The Kingdom of Bhutan, 2006. Bhutan enters the modern world, becoming the last country in the world to connect to the internet and television, and now the biggest change of all: democracy. To teach the people how to vote, the authorities organise a mock election, but the locals seem puzzled about the changes to come. At the same time, an American man travels to Bhutan in search of a valuable antique rifle and crosses paths with a young monk who wanders through the majestic mountains, instructed by his teacher that his plan is to “make things right again”.
In a nutshell, the film The Monk and the Gun presents a low-key, humorous and satirical jab at American democracy, but also shows the difficulties of changing a society that has largely been separated from outside influences and has seen no need to change. Bhutan’s transition to democracy was initiated by King Jigme Singye Wangchuck, the absolute monarch who voluntarily abdicated the throne in 2006 and introduced reforms aimed at creating “a more inclusive and representative government.” Rather than being driven by grassroots demands, this move represented a “top-down” imposition of democracy. This brings me to something I heard in a talk by historian Timothy Snyder on democracy, its retreat in the West today and the current tendency towards authoritarianism.
According to Snyder, democracy should be thought of as a verb rather than a noun, and “democracy, if it exists at all, exists inside us. Democracy has to begin with a desire for the people to rule”. That is if you think democracy is being brought to you, you lose the sense that democracy is a struggle, which it has largely been if you study the development of many Western states.

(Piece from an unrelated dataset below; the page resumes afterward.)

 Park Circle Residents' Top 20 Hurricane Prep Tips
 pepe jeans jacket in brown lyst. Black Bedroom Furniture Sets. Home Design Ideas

While a government official says that democracy will contribute to “gross national happiness” (a term/policy coined in Bhutan for its seemingly bucolic Buddhist mindset of harmony), a local then replies, “is it worth having if one does not fight for it?” I tend to agree with this view.
The election official travelling to a village to carry out the mock election says, “soon it will pass and everyone will be happy and prosperous”, while a local says, “Madame… we have always been happy”—thus the puzzlement over sessions with villagers being taught about “competition”, which leads to discord between two candidates who are standing in the upcoming mock election.
The film poses the question of whether “political freedom” is worth the cost of familial or social discord. Maybe not in this context, in light of the Buddhism practised in the country. As one who has studied and written about democracy and democratisation in Hong Kong and the constraints on its “full flowering” in the city, this film gives me mixed feelings about whether the Bhutanese should have democracy “imposed” on them, without any previous knowledge of it—and in particular when others want it so much but cannot get it. While in Hong Kong “gradual and orderly progress” and “according to the actual situation” were often repeated as a way to ensure stability, this was largely used as a mechanism for delaying democratic progress. Hong Kong was well aware of the basic principles of democracy. Perhaps in Bhutan’s case, “gradual and orderly progress” would be much more suitable, since the citizens had no concept of democracy in the first place.
We often want a place like Bhutan (or undiscovered jungle tribes) to remain statically in the past, unchanged perhaps forever, seeing it as pristine and “uncontaminated” by the West, feeding on our fantasies of a kind of “Shangri-La” that we cannot have in our own societies. Inevitably, in the modern world, Bhutan was unlikely to remain unaffected by the West for long.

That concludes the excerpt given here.